I may have written about this before, I’m not sure…but we are in a season where our prayers will really make the difference between life and death. Where we will see great things in answer to our prayers. If you don’t have regular time away with the Lord, now is the time. Don’t wait. You just don’t know what tomorrow will bring.
I love to pray. I love to pray because of what I hear, not necessarily what I have to say…although I usually have a lot to say and have grown confident over the years that the Lord really does want to hear my thoughts and really does respond to them so I usually can’t wait to give my concerns to him each day and ask him what he is going to do about them! Many times I have no idea what to pray before I begin. Many times I begin with the Lord, hopelessly carnal or selfish in my thoughts and then as I yield to the Holy Spirit, I become aware of what he is saying and moved and changed by his perspective and begin to see things differently.
I became a Christian in the 80’s, but didn’t discover how personal the Lord is until 1994 when I was in my third pregnancy and decided I needed daily exercise. For a year I incorporated walking the Fort Knox housing area at night with my quiet time with the Lord. My husband would use this time to love on our kids…putting them to bed and I would spend 45-60 minutes alone with the Lord praying, walking, and before too long…listening, praising, and just enjoying his presence.
As I look back, this was the time when my life changed. This is when I began to hear from the Lord and see things that I never saw before. I would experience burdens for people I would read or hear about in the news. Sometimes these burdens would come with groanings and tears that I had no words for. Then as quickly as they would come, they would leave and I would know it was God.
It was during this time when I miscarried our third child. As tragic as loss of this kind is, it was cushioned with special comfort the Lord gave to me as I was able to receive his thoughts and see things through his eyes and feel his presence. What a comfort he was. It was during this time that the Lord began to speak to my heart about giving my family to him. He made me aware that I couldn’t grow in faith or in my relationship with him until I gave my family to him in my heart. I was holding on to some fears of losing them that was keeping me from a deeper relationship with him because I wasn’t trusting him. After battling with this concept of letting go for a few days, I did and gave them and their futures to him.
Four years later, my husband died in a helicopter crash. Abruptly removed from our lives. My children were very small. My fourth and youngest was born that year, three months before he died.
I know the Lord called to me in 1994 for a deeper walk with him because of the circumstances that lied ahead. He was preparing me for something that wouldn’t make sense to the natural mind. Humanly speaking, it doesn’t make sense for a woman to raise kids by herself. But we all face situations that don’t make sense and we have to walk forward anyway either with him or without him. I wouldn’t have made it these years without that personal relationship with God born from prayer. The knowledge that he is there and cares has caused me to stop and listen for his voice, and has sustained me through many trials.
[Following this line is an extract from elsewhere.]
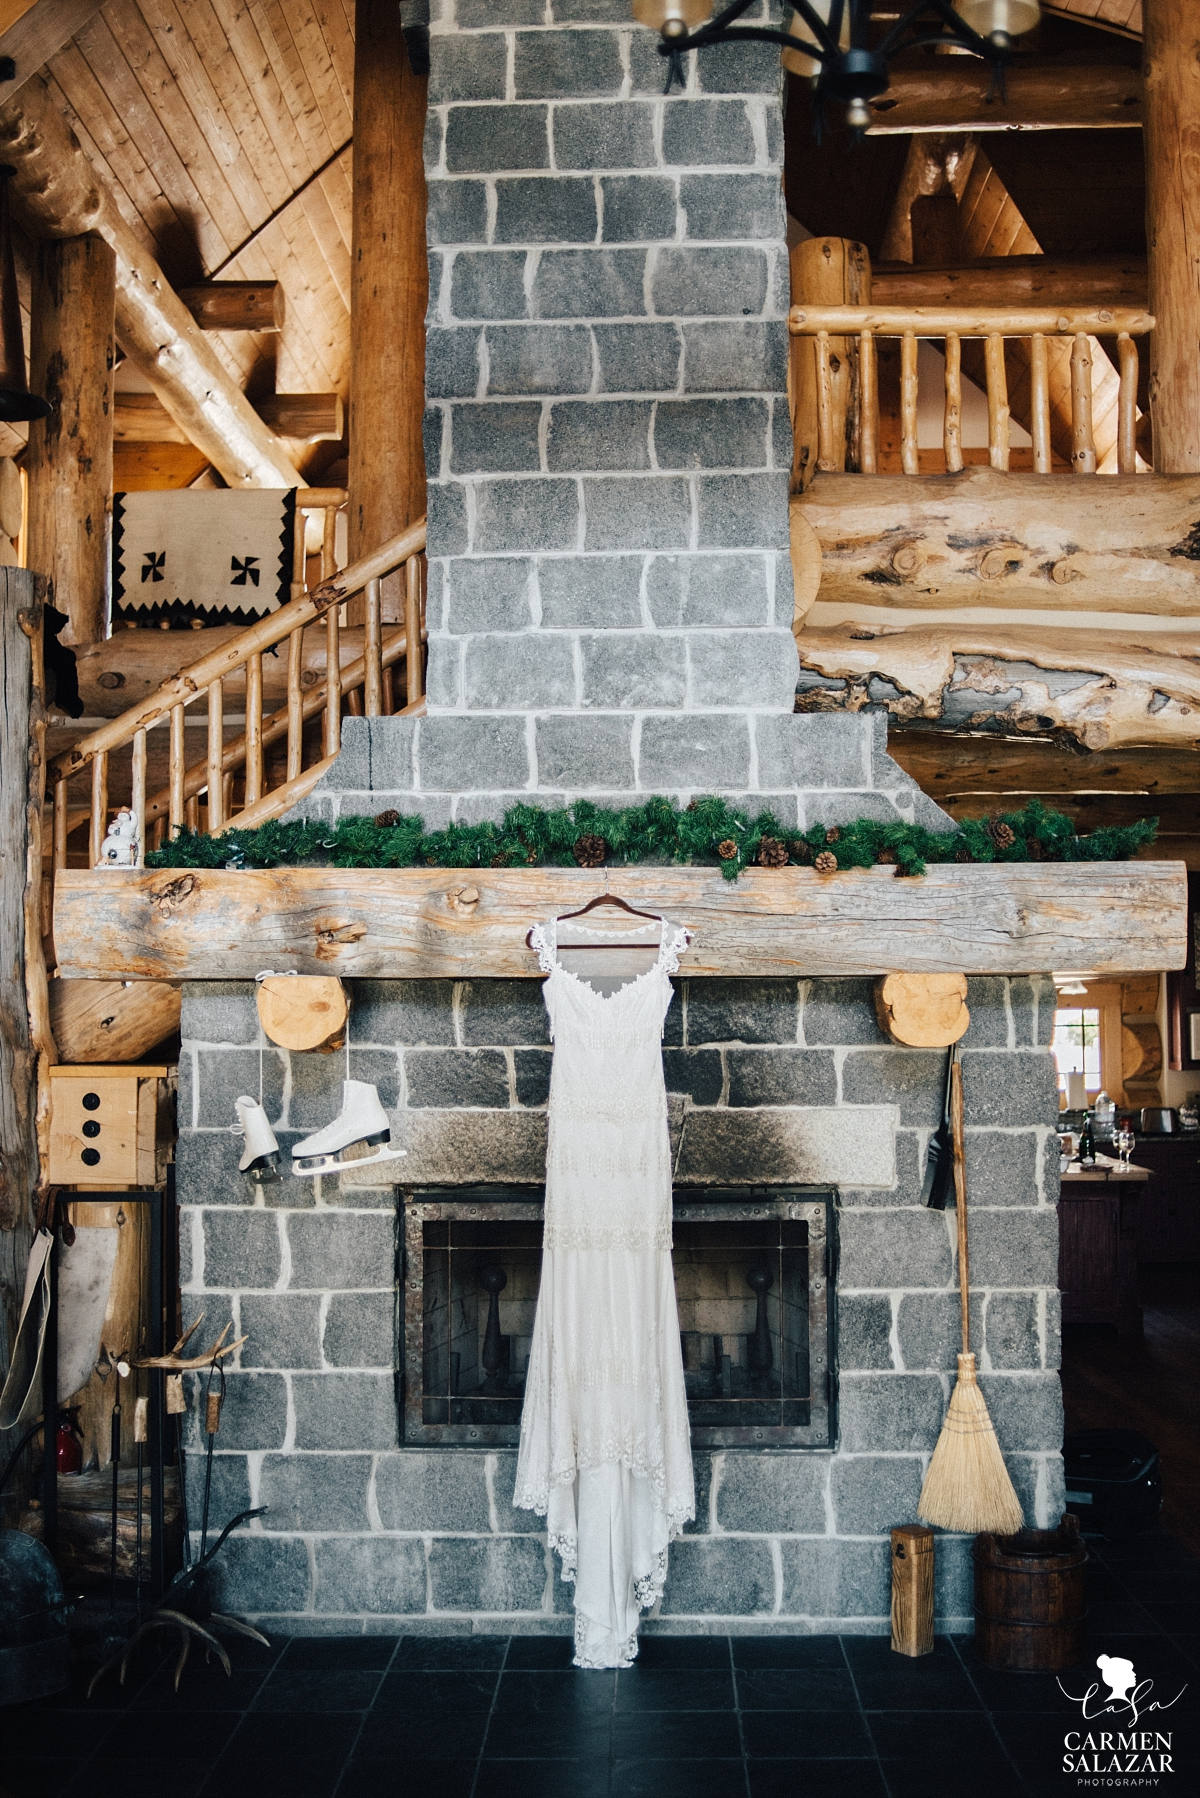 Rustic wedding cabin with vintage wedding gown - Carmen Salazar
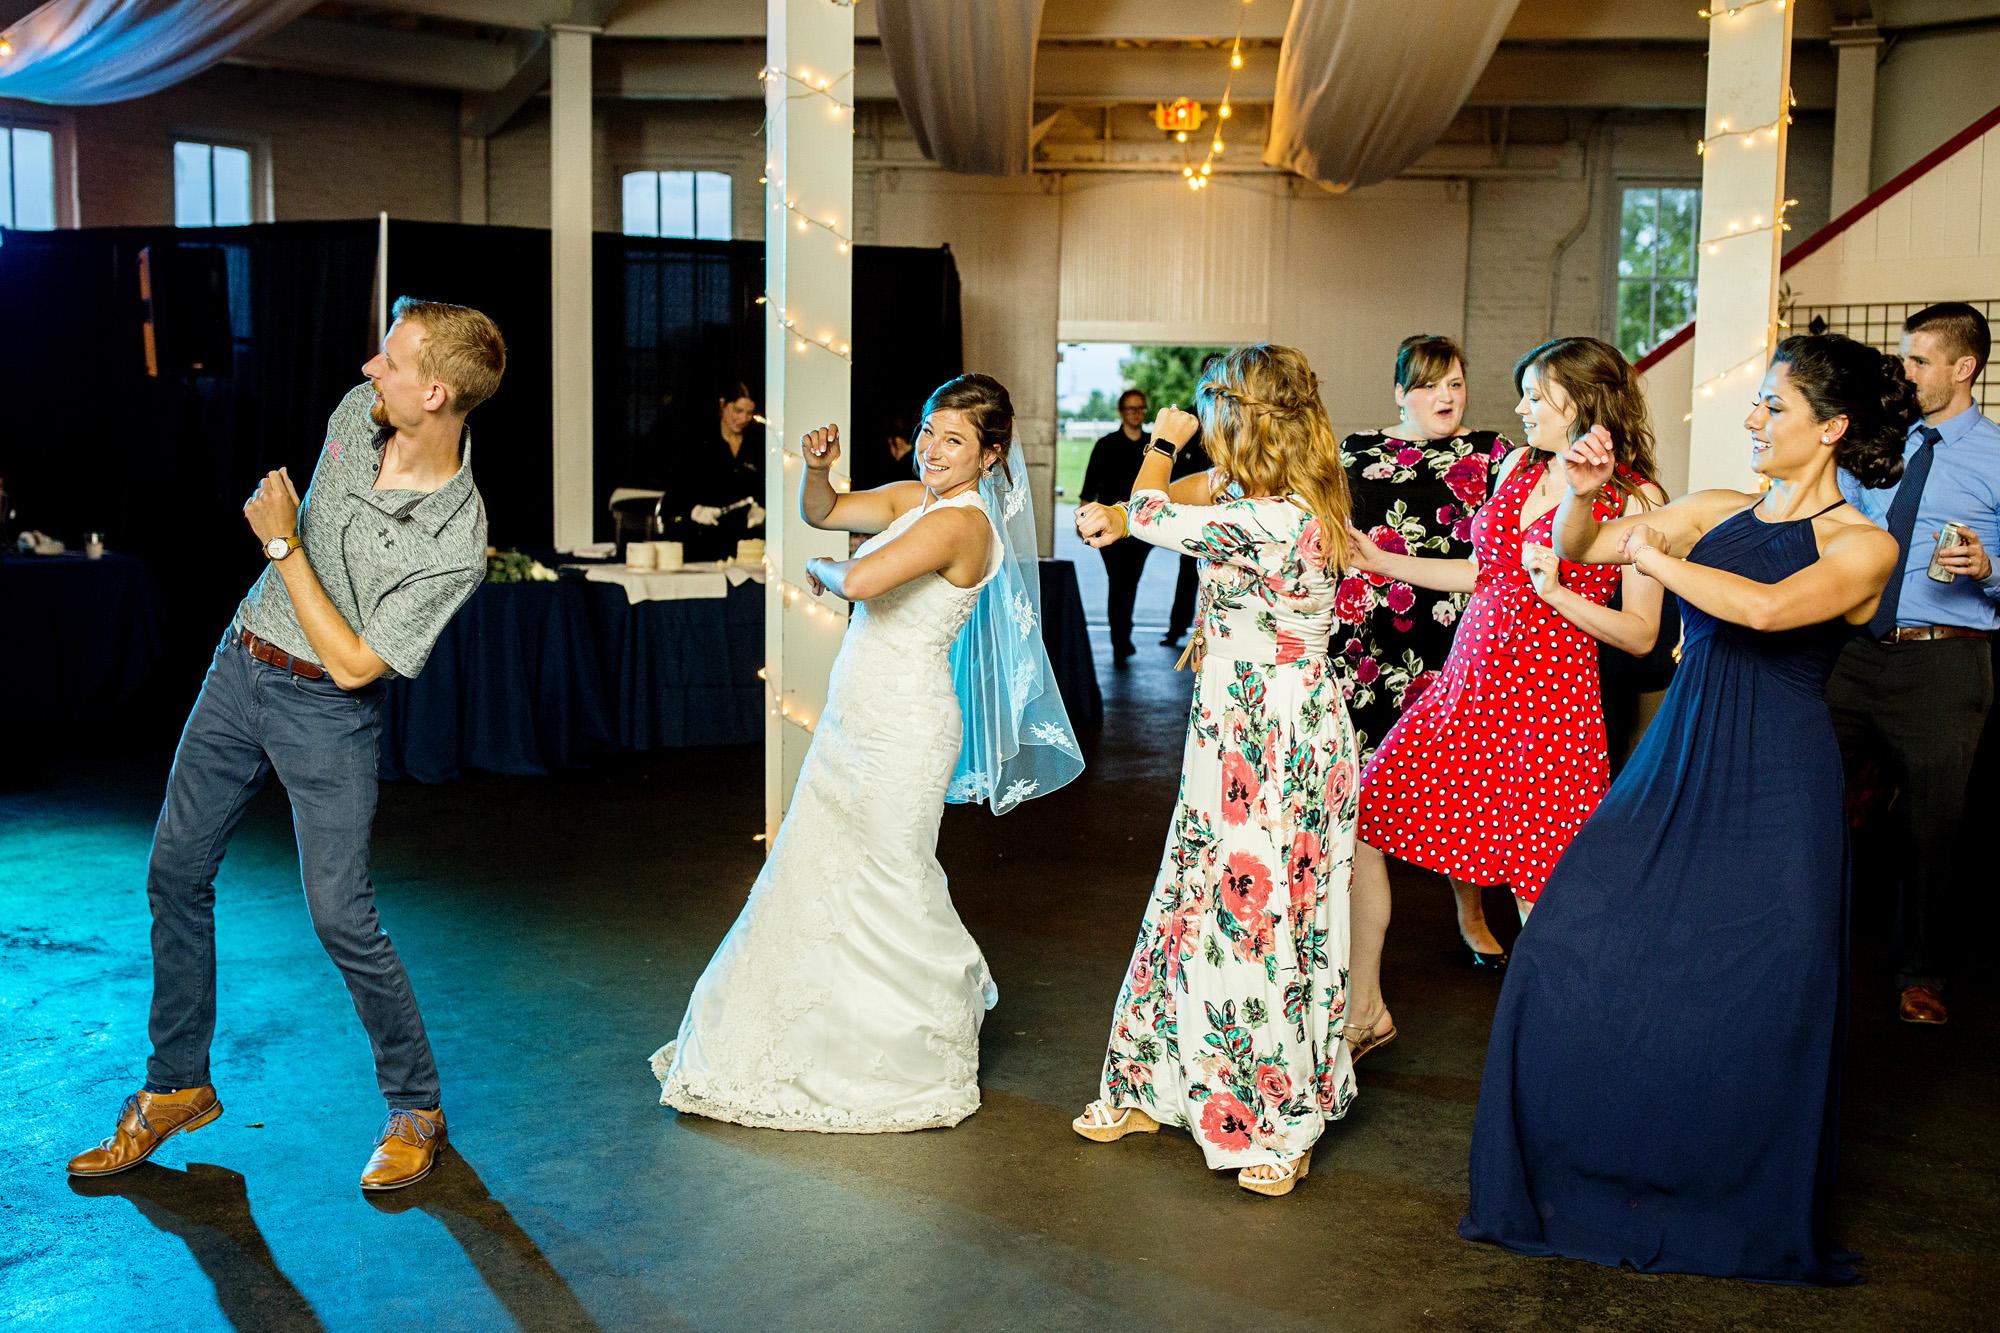 Seriously_Sabrina_Photography_Lexington_Kentucky_Round_Barn_Red_Mile_Stable_of_Memories_Wedding_Hart_118.jpg

Even so, I feel like I’ve made it through the past 12 years with fire singed hair and clothes….I haven’t always availed myself of the privileges of my inheritance…haven’t always trusted him perfectly, and have learned the hard way that self sufficiency really sucks in light of the wealth of wisdom and strength that is available to those that are his. But I have made it…and with each day I grow stronger in faith having learned and learning still that there is no place like home….home being where he is every moment of the night and day. I desire nothing more.